We all use why. In normal circumstances, we ask aloud- why?
In most difficult situations, we tense inwardly with a why. And outwardly we condition ourselves to answer with a yes or a no.
My big aha – in the most difficult situations, speak that very word that turmoils inside and ask it in the best tone you can marshall.
Asking why does something to others – it makes them introspect. Their external push is deflected back inside them.
Who do I need to thank? my young daughter. She hardly says no. She always asks why. I took it to work. It works wonders out of tough situations.
Situation 3: You want to be persuasive and do not know how
English is my second language. Growing up, I was always guided on how to answer a why question. Include the word – because in your answer.
Much later in life, the brilliant Professor Robert Cialdini taught me something that changed my life.
Use the word ‘because’ without ever being asked a question. It does something to people.

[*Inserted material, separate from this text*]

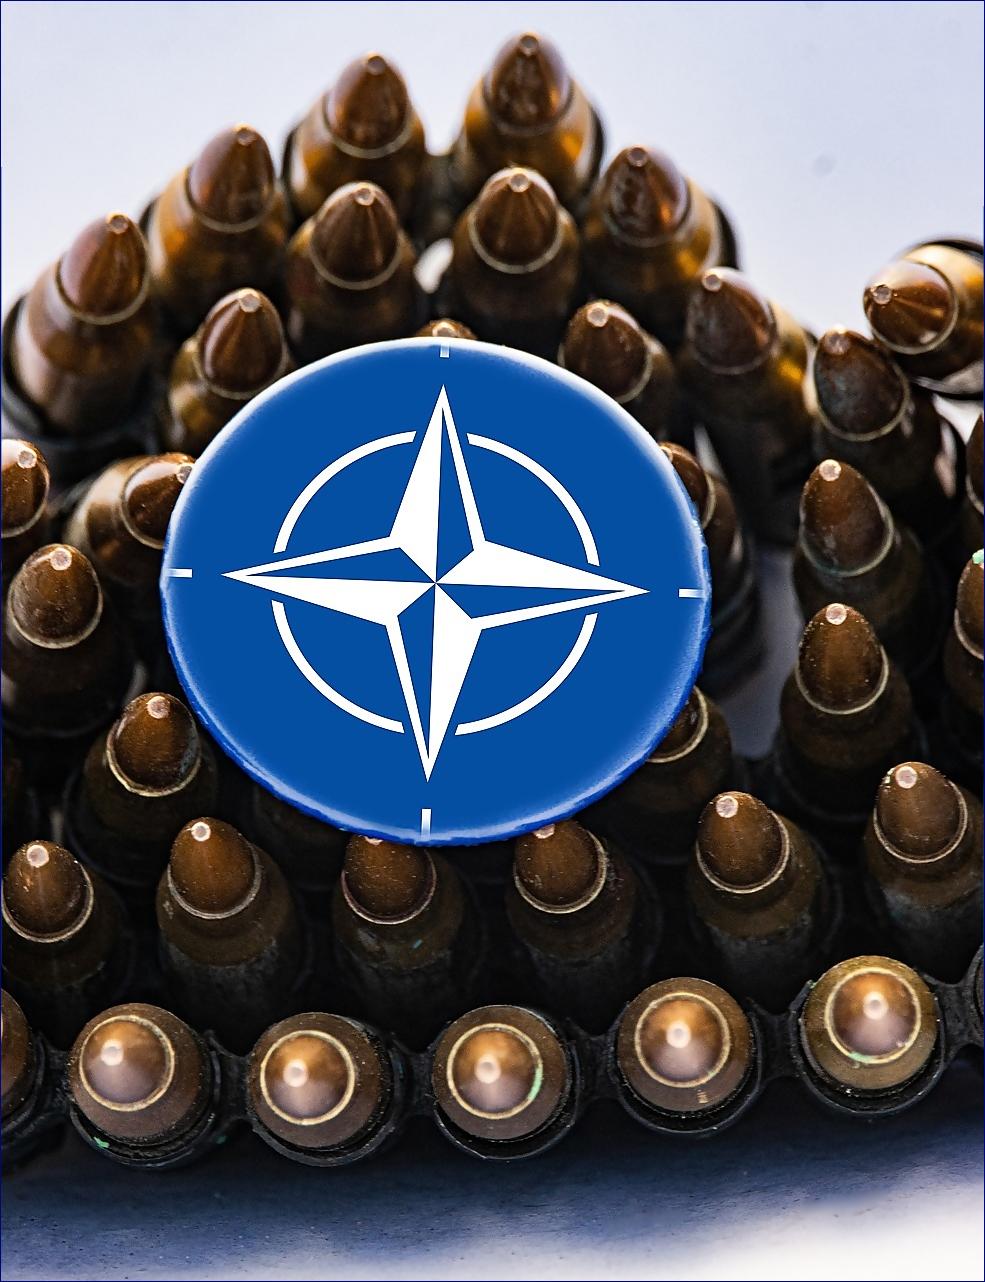 Vícero zemí dosáhne cíle NATO ve výši 2 % výdajů na obranu

Here is Robert’s research example…
Excuse me, I have 5 pages. May I use the Xerox machine?
60% let the person cut the line.
I have 5 pages. May I use the Xerox machine, because I am in a rush?
94% of people let him cut the line!
My reasoning – as humans, we like to understand reasons. When offered those reasons without asking – the act earns our respect. That does something to all of us. We are more inclined to oblige.
When I am around kids, I notice they use ‘because’ without asking. Some where along the way, we lose that charm. Time to pocket it back.
Situation 4: You are naturally tongue-tied with self inflicted pressure.
And is the word that beads words together. Dangling on its own, it can work wonders. This ad opened up my eyes.
Bridging all 4 words together – to seek your advice.
A friend of mine trades commodities. Outside work, he plays the guitar. When people ask me what I do outside work, I say, “I write blogs.” The predictable follow-up, “What do you write about?” And I pause every time. My answers have run the gamut.
End result is consistently similar – perplexed looks.
Why? I do not know.
Today, I would like to run something by you because I need your help.
Through my blogs, I aspire to share surprisingly ravishing takeaways around simple, daily acts.
Do the words jell? Do you have suggestions?